Task statement: Using the material below, return exactly the lines between the one holding "Grammy Awards 2020 Hottest Hunks - Usher" and the one holding "t-shirt - size XL", inclusive, and no others.

Material supplied:
======

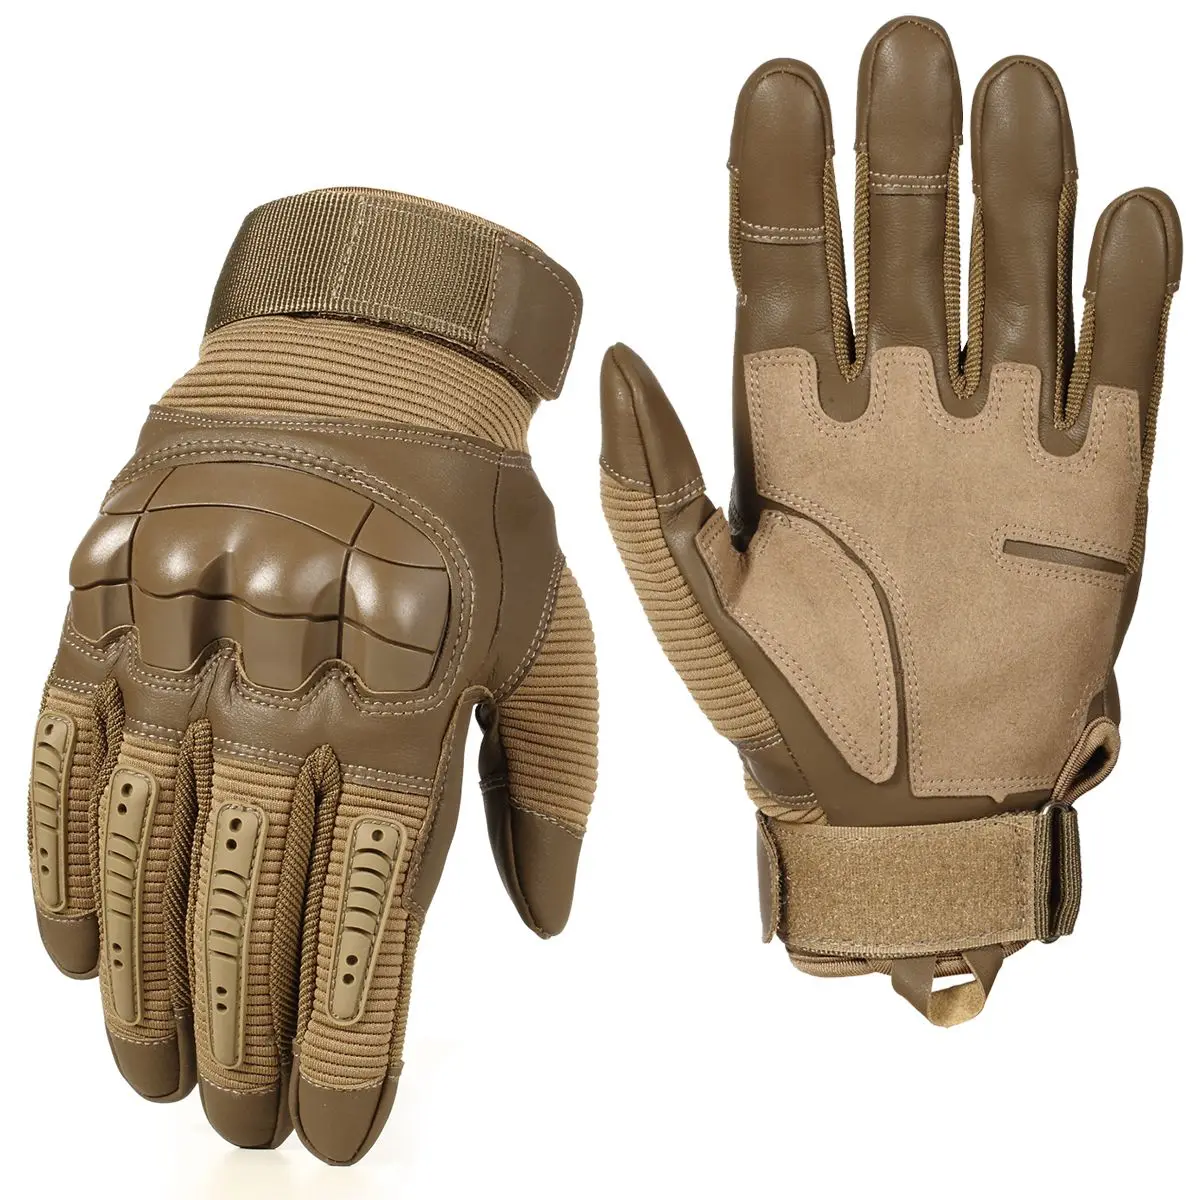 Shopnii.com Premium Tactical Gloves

======

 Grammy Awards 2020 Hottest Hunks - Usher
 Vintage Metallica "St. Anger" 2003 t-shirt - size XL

======

Output of the exercise:
 Grammy Awards 2020 Hottest Hunks - Usher
 Vintage Metallica "St. Anger" 2003 t-shirt - size XL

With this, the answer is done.